Because Zora Neale Hurston was a famous Black author who was associated with the Harlem Renaissance, many readers assume that Their Eyes Were Watching God is concerned primarily with issues of race. Although race is a significant motif in the book, it is not, by any means, a central theme. As Alice Walker writes in her dedication to I Love Myself When I Am Laughing...and Then Again When I Am Looking Mean and Impressive: A Zora Neale Hurston Reader, “I think we are better off if we think of Zora Neale Hurston as an artist, period—rather than as the artist/politician most Black writers have been required to be.” Along the same lines, it is far more fulfilling to read Janie’s story as a profoundly human quest than as a distinctly Black one.

But issues of race are nonetheless present. Janie and Tea Cake experience prejudice from both Black people and white people at significant moments in the book. Two moments in particular stand out: Janie’s interactions, in Chapter 16, with Mrs. Turner, a Black woman with racist views against Black people, and the courtroom scene, in Chapter 19, after which Janie is comforted by white women but scorned by her Black friends. In these moments, we see that racism in the novel operates as a cultural construct, a free-floating force that affects not only how white characters treat Black characters, but also how Black characters perceive themselves.

Hurston’s perspective on racism was undoubtedly influenced by her study with influential anthropologist Franz Boas, who argued that ideas of race are culturally constructed and that skin color indicates little, if anything, about innate difference. In other words, racism is a cultural force that individuals can either struggle against or yield to rather than a mindset rooted in demonstrable facts. In this way, racism operates in the novel just like the hurricane and the doctrine to which Jody adheres; it is an environmental force that challenges Janie in her quest to achieve harmony with the world around her.

The Folklore Quality of Religion

As the title indicates, God plays a huge role in the novel, but this God is not really the Judeo-Christian God. The book maintains an almost Gnostic perspective on the universe: God is not a single entity but a diffuse force. This outlook is particularly evident in the mystical way that Hurston describes nature. At various times, the sun, moon, sky, sea, horizon, and other aspects of the natural world appear imbued with divinity. The God in the title refers to these divine forces throughout the world, both beautiful and threatening, that Janie encounters. Her quest is a spiritual one because her ultimate goal is to find her place in the world, understand who she is, and be at peace with her environment.

Thus, except for one brief reference to church in Chapter 12, organized religion never appears in the novel. The idea of spirituality, on the other hand, is always present, as the novel espouses a worldview rooted in folklore and mythology.
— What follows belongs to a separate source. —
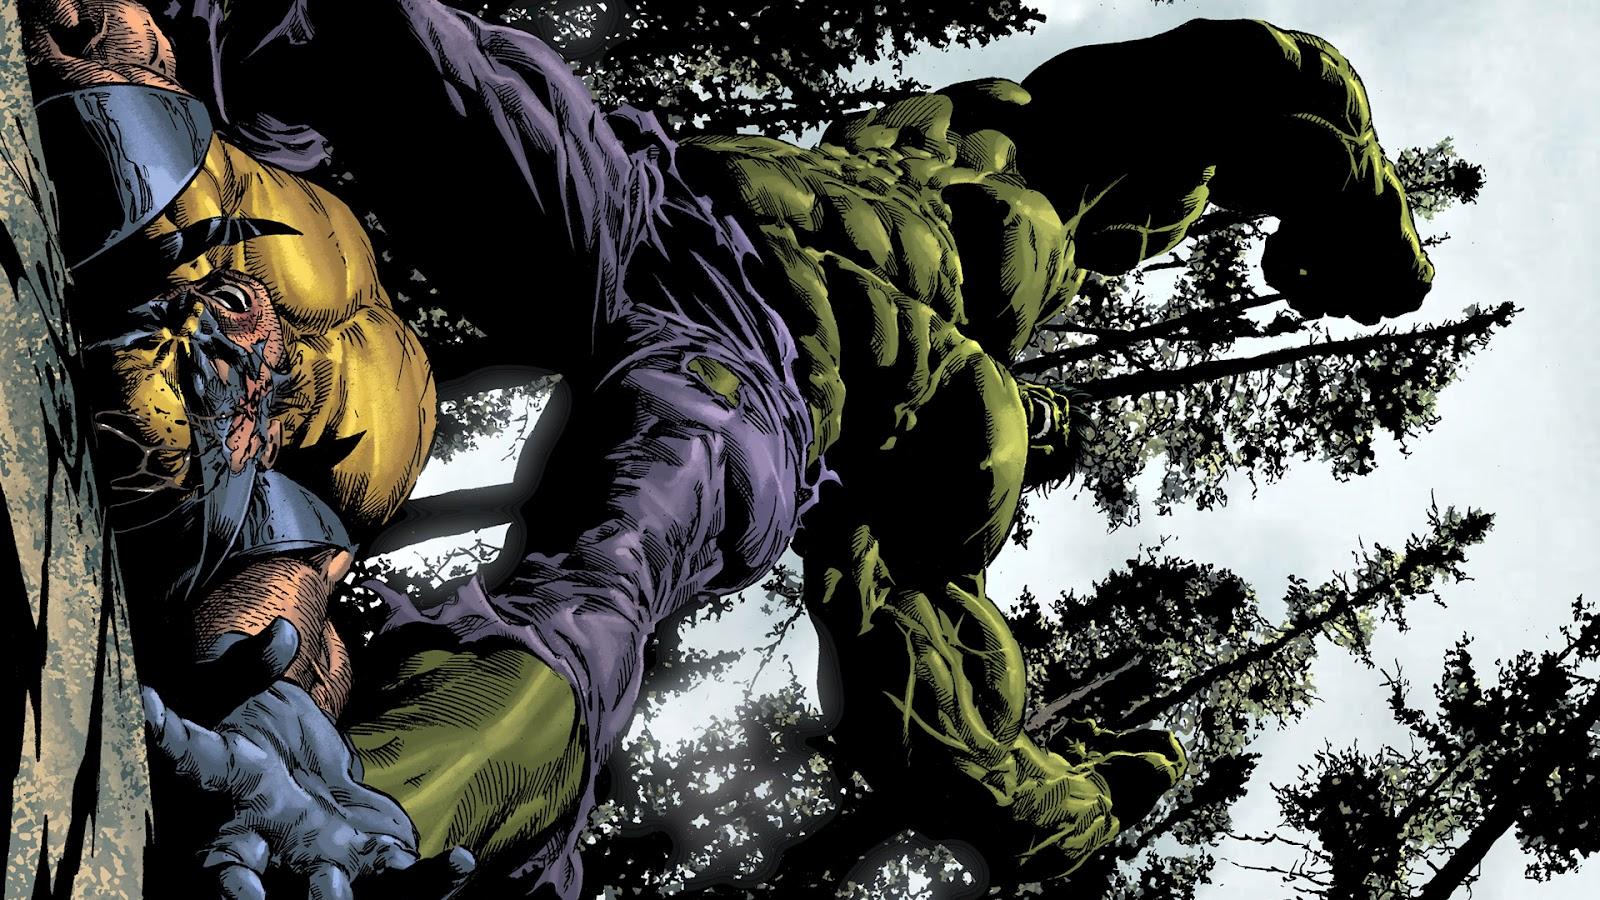 Hulk Desktop Wallpaper PicsWallpapercom 1600x900

As an anthropologist, Hurston collected rural mythology and folklore of Black people in America and the Caribbean. Many visions of mysticism that she presents in the novel—her haunting personification of Death, the idea of a sun-god, the horizon as a boundary at the end of the world—are likely culled directly from these sources. Like her use of dialogue, Hurston’s presentation of folklore and non-Christian spirituality celebrates the Black rural culture.